To cook healthy dishes a minimum programming it's necessary. But only half an hour a week is enough, especially to avoid finding yourself at the last minute without the right ingredients
“If you know you will be home at 20 pm, it is better to prepare some in advance (for example, on Sundays) dishes to be stored in the refrigerator or freezer, cooking the quantities you need (for the seasonings adjusted using a spoonful of oil per serving) ", suggests the doctor Serafina Petrocca, specialist in food science in Turin.
The advice of Dr. Petrocca that you find below, are ideal whether you have followed our summer diet, both to maintain the results achieved, and, more generally, to cook in a healthy way for the whole family. The taste? It is assured, go on reading.
Every day, at lunch, you can indulge yourself 80-100 g of pasta, rice or other cereals (barley, kamut), better if wholemeal: seasoned with vegetables and proteins, it is good for the whole family, it is very filling and allows you to do without bread. Much better than the classic bresaola and salad couple, which gives satiety, but then the stomach empties and blood sugars do not go, so at 15 you want sweets.
Cuisine according to the Mediterranean tradition: «Don't use oil only raw: ours excellent extra virgin olive oil withstands heat without degrading. If you make orecchiette with broccoli, that's enough just heat the oil, add the anchovy, garlic, chilli pepper, throw in the pasta and vegetables. So you are gratified and you don't think about food all day»Reassures the expert.
If you eat out and can't bring your own food, opt for a first and season it with 3 tablespoons of tomato sauce.
To refine the silhouette e counteract cellulite, in the evening pay attention to combinations: instead of eliminating salt from the kitchen (impossible), better combine proteins and vegetables (also in past or soup), avoiding carbohydrates such as bread and pasta, which have the characteristic of retaining water. So they move and remove liquid deposits.
They are the ideal dish to eat at dinner: «Always start your evening meal with a soup or vegetable soup, a hot dish that relaxes and, by dilating the walls of the stomach, it allows you to eat less»Advises the doctor. Soups, minestrone, soups and vegetable soups also help you to increase the amount of fluids of your nutrition.
A study published in the British Journal of Nutrition and conducted by researchers from the University of Iowa points out that these dishes make those who eat them less likely to gain weight and to introduce too many calories, while ensuring a excellent supply of vitamins, minerals and fiber.
One evening a week, after the minestrone, the second course can consist of 2 eggs. As they are not very filling, it is best to use them for one omelette with vegetables, cooked with a little oil in a non-stick pan.
The ok dose of meat is 200 g twice a week. «The recommendation of the World Fund for Cancer Research is not to exceed 500 g per week: in these doses both white and red are fine, as long as it is of quality (such as that certified by the breeders' consortia) », recommends the expert.
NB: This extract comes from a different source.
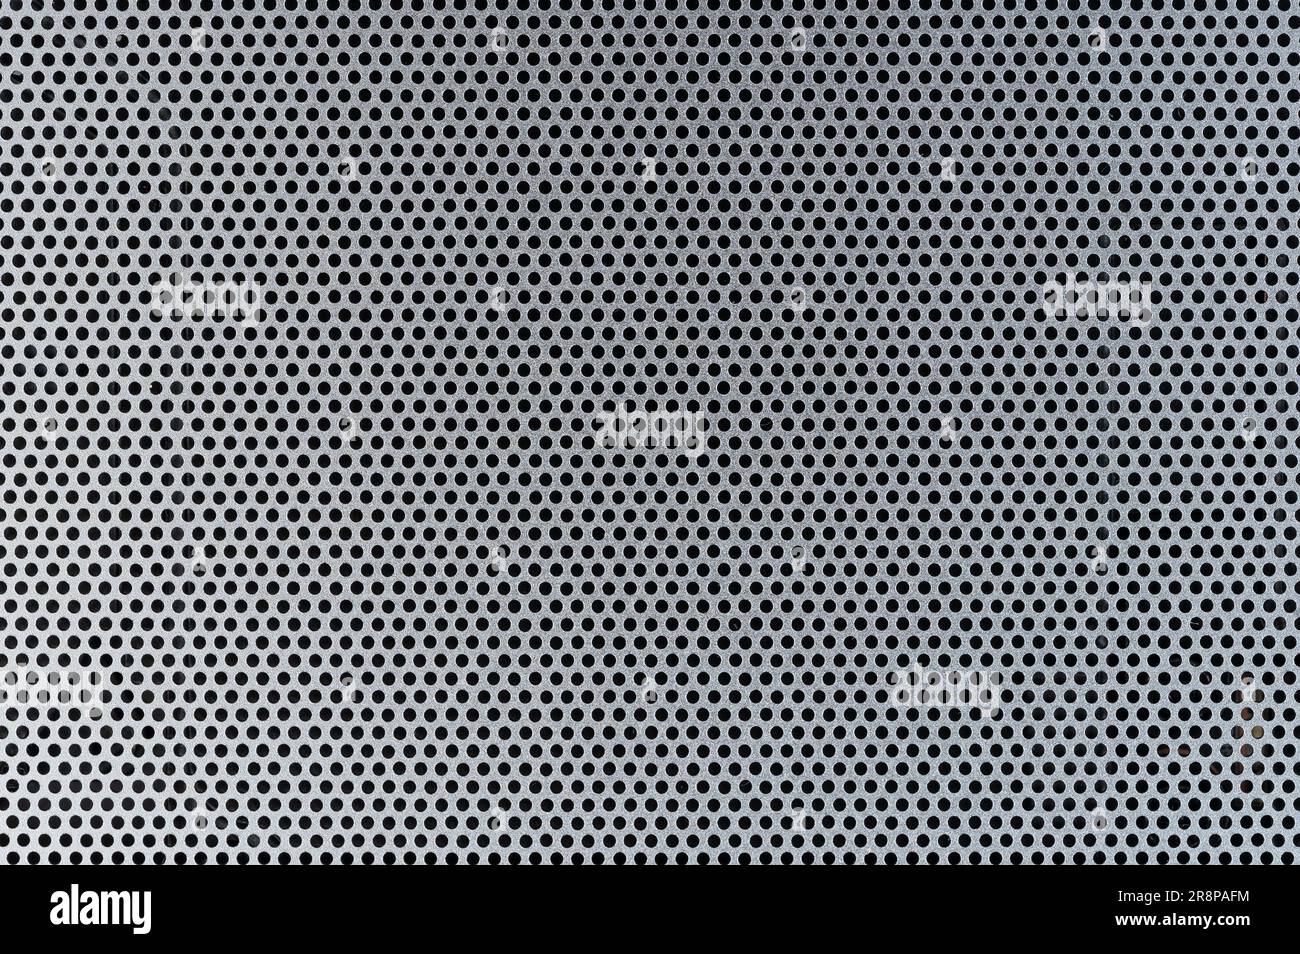 Metallgitterstruktur mit perforierten kreisförmigen Löchern – Nahaufnahme Stockfoto

Eat it for dinner, preferring to the usual slice a cut into cubes or strips, to be sautéed with vegetables and spices.
Fish & Co.
More digestible than meat because it has no connective tissue, it should be eaten 3-4 times a week. “I recommend 2 times for dinner in the form of whole fish of 400 g: cooked and deprived of head, bones and tail the weight will be less, but it will still give you more satisfaction of a poor fillet », emphasizes the specialist. "2 times also for lunch: shellfish and seafood they are ideal with vegetables for pasta and rice sauces ».
Vegetables and legumes
- Vegetables: are in free quantity, but don't overdo it huge raw salads which would risk giving you great abdominal tension. Keep as a reference of quantity a bowl or holster.
- Legumes: represent an excellent second for 2-3 times a week, in the evening. Calculate a serving size of 80g raw, 180g cooked and cook them with herbs and spices, combining them with vegetables to increase chewing and satisfaction.
In addition to the 2 tablespoons of parmesan, pecorino or aged parmesan grated a day, if you want to lose weight, aim for a single 1g dose of cheese a week. Keep it for lunch, to prepare for example a tasty risotto with radicchio and zola, or pizzoccheri with casera and cabbage.